Raila Odinga, Kenya’s main opposition leader, declared himself the “people’s president” yesterday at a controversial “swearing-in” ceremony in Nairobi.
Despite a warning that the ceremony amounted to treason, the event attracted thousands of NASA supporters to Uhuru Park in the Kenyan capital. The day before, the UK High Commisison had urged expats to ‘plan accordingly’ if they intended to be in and around the area during the “ceremony”.
Elections were first held in August. Following a second victory in the re-run, ordered by the Supreme Court but boycotted by Mr Odinga, President Uhuru Kenyatta was sworn in for a second term last November.
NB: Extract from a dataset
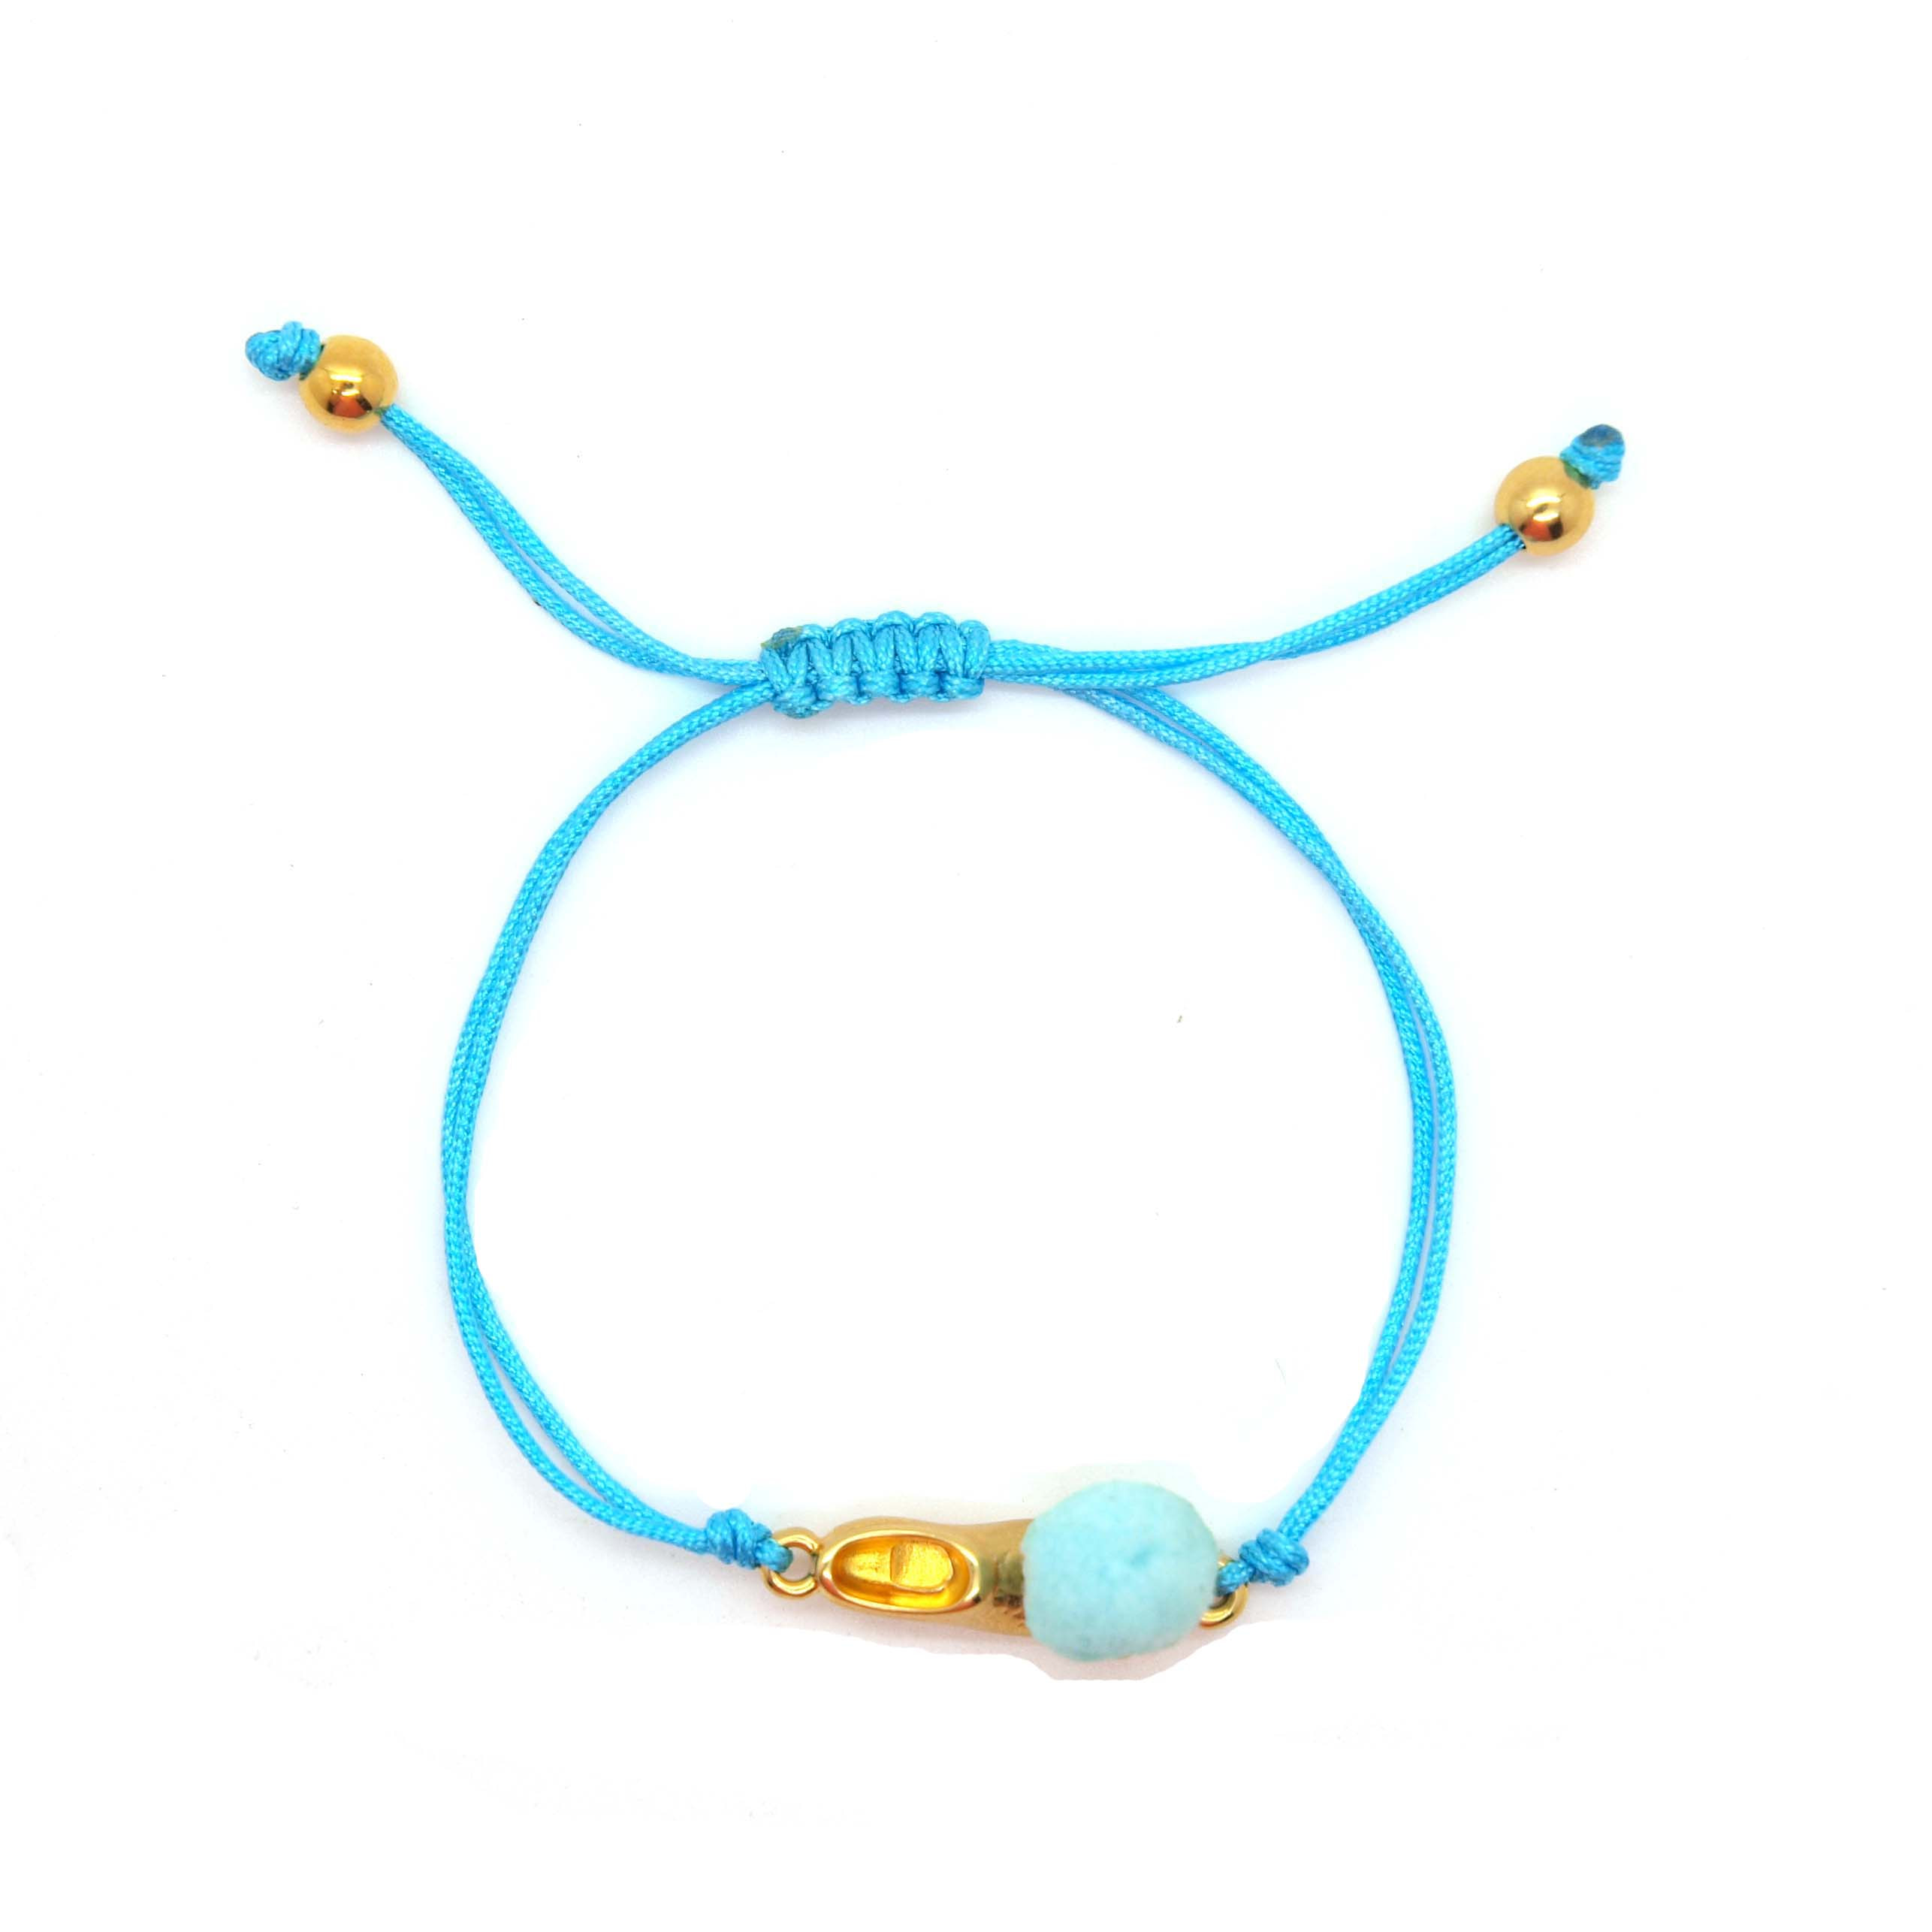 SALE World Bangle Bracelet Adjustable Charm Bracelet - Etsy | Bangle  bracelets, Adjustable bangle bracelet, Bangles

Holding a Bible in his right hand, Mr Odinga declared that he was answering to a “high[er] calling to assume the office of the people’s president of the Republic of Kenya”.
Addressing his supporters, Mr Odinga said that Kenyans had had enough of election rigging and the event was a step towards establishing a proper democracy in the country.
However, according to BBC reporter Alastair Leithead, the ‘swearing in’ was a public relations stunt that ended in disappointment for many opposition supporters with Mr Odinga turning up for just 20 minutes. During his brief appearance, he signed a statement, swore an oath and left the stage, leaving many supporters to wonder why it was such a low-key affair.